Townsville Correctional Complex
- Interactive map of Townsville Correctional Complex
- Location: Stuart, Queensland;
- Status: High Security Prison
- Security class: High/Low (Male) High/Low (Female)
- Capacity: 822 Current maximum capacity 1178
- Opened: 9 April 1893

= Townsville Correctional Centre =

Australian prison facility

Townsville Correctional Centre is an Australian prison facility in Stuart, Queensland, Australia. The facility has been known in the past as Her Majesty's Penal Establishment Stewart's Creek, H.M. Prison Townsville, Stuart Prison and Stuart Gaol.

It was the only correctional centre in Queensland to hold mainstream males, females and protection prisoners all within the same secure perimeter. It remains the most diverse correctional facility within Queensland accommodating high secure male, high secure female, high secure male protection, low open male custody and low open female custody operations.

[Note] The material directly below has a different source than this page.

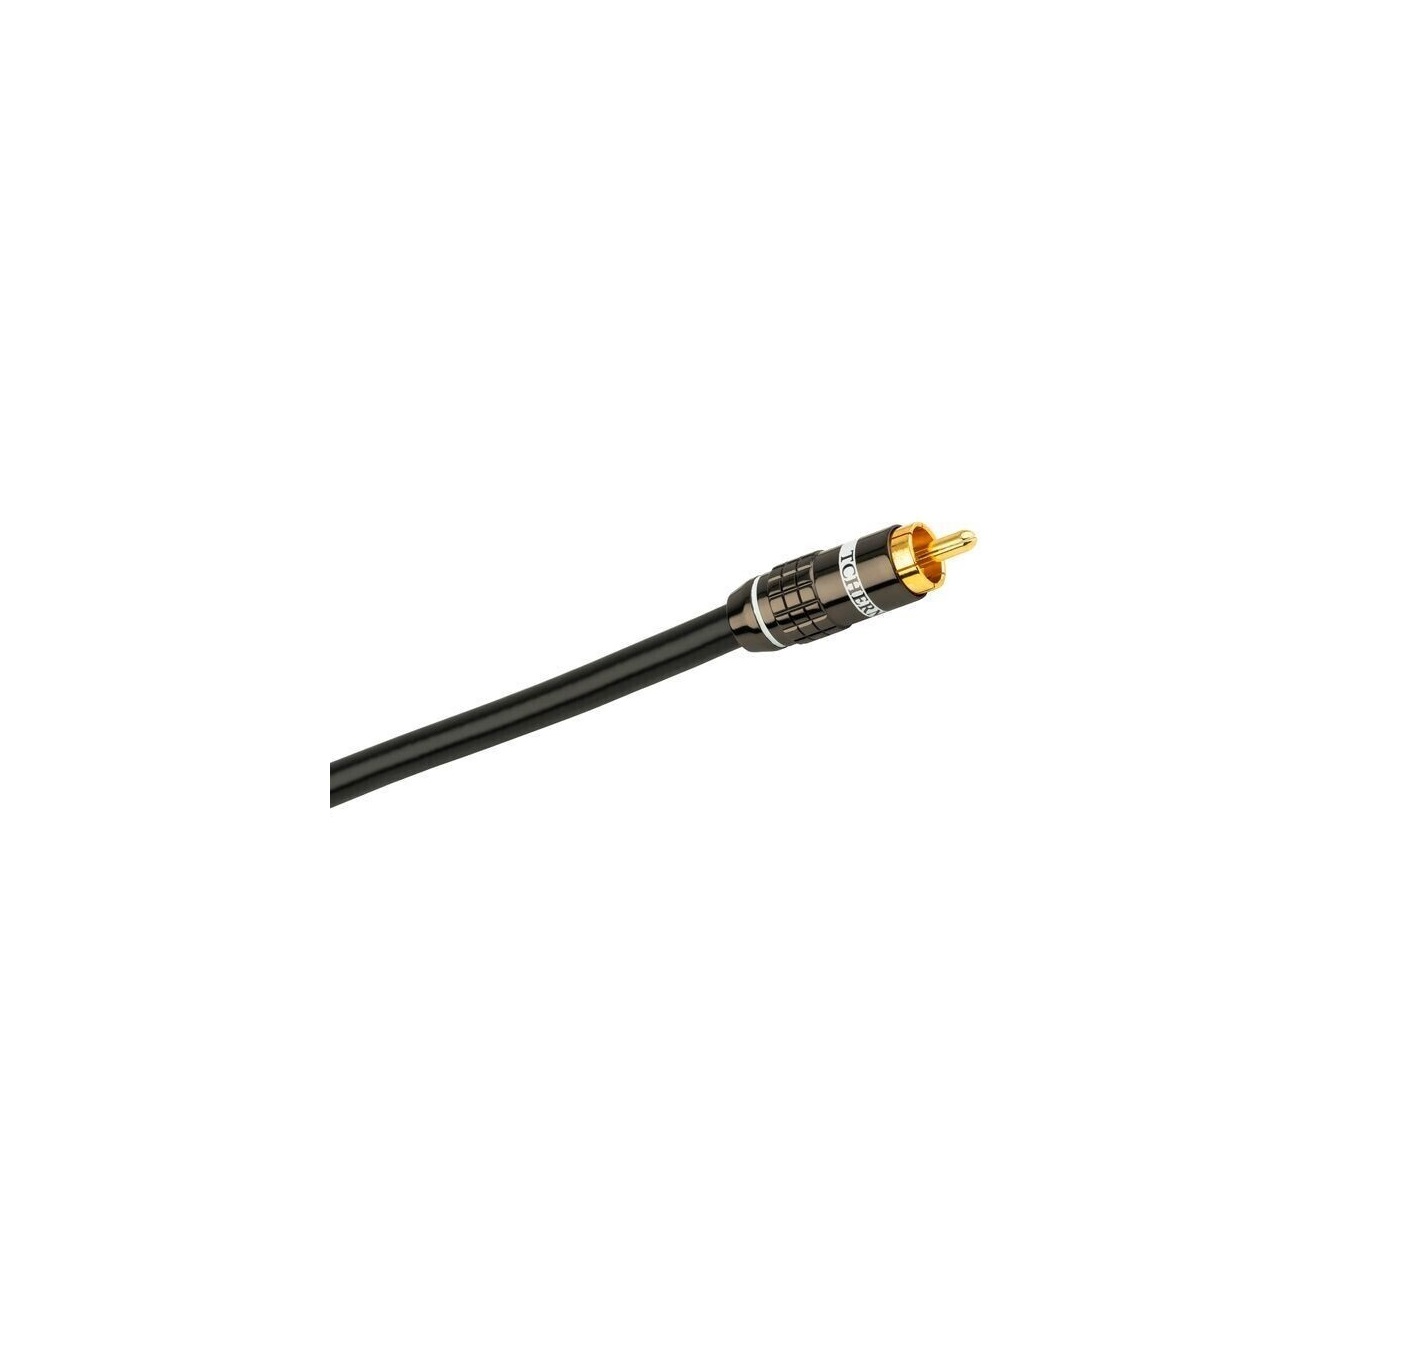 Кабели межблочные аудио Tchernov Cable Standard Balanced IC / Sub RCA (5 m) кабели межблочные аудио tchernov cable special coaxial ic digital rca s pdif 1m

A new female facility began construction in June 2006 in a complex adjacent to the male section with its own secure perimeter. Female inmates were finally moved over to the new centre in December 2008.

Townsville Correctional Centre's complex also includes a Farm Area located about 2.4 km south-east of the Prison, and near to the Woongarra Crematorium.

Inaugural superintendent, Mr. James Ryan, was appointed on 6 April 1893, having been promoted from his former position as the superintendent of the "old" Townsville Gaol, which was located at the site of the current Townsville Central State School on Warburton street in North Ward.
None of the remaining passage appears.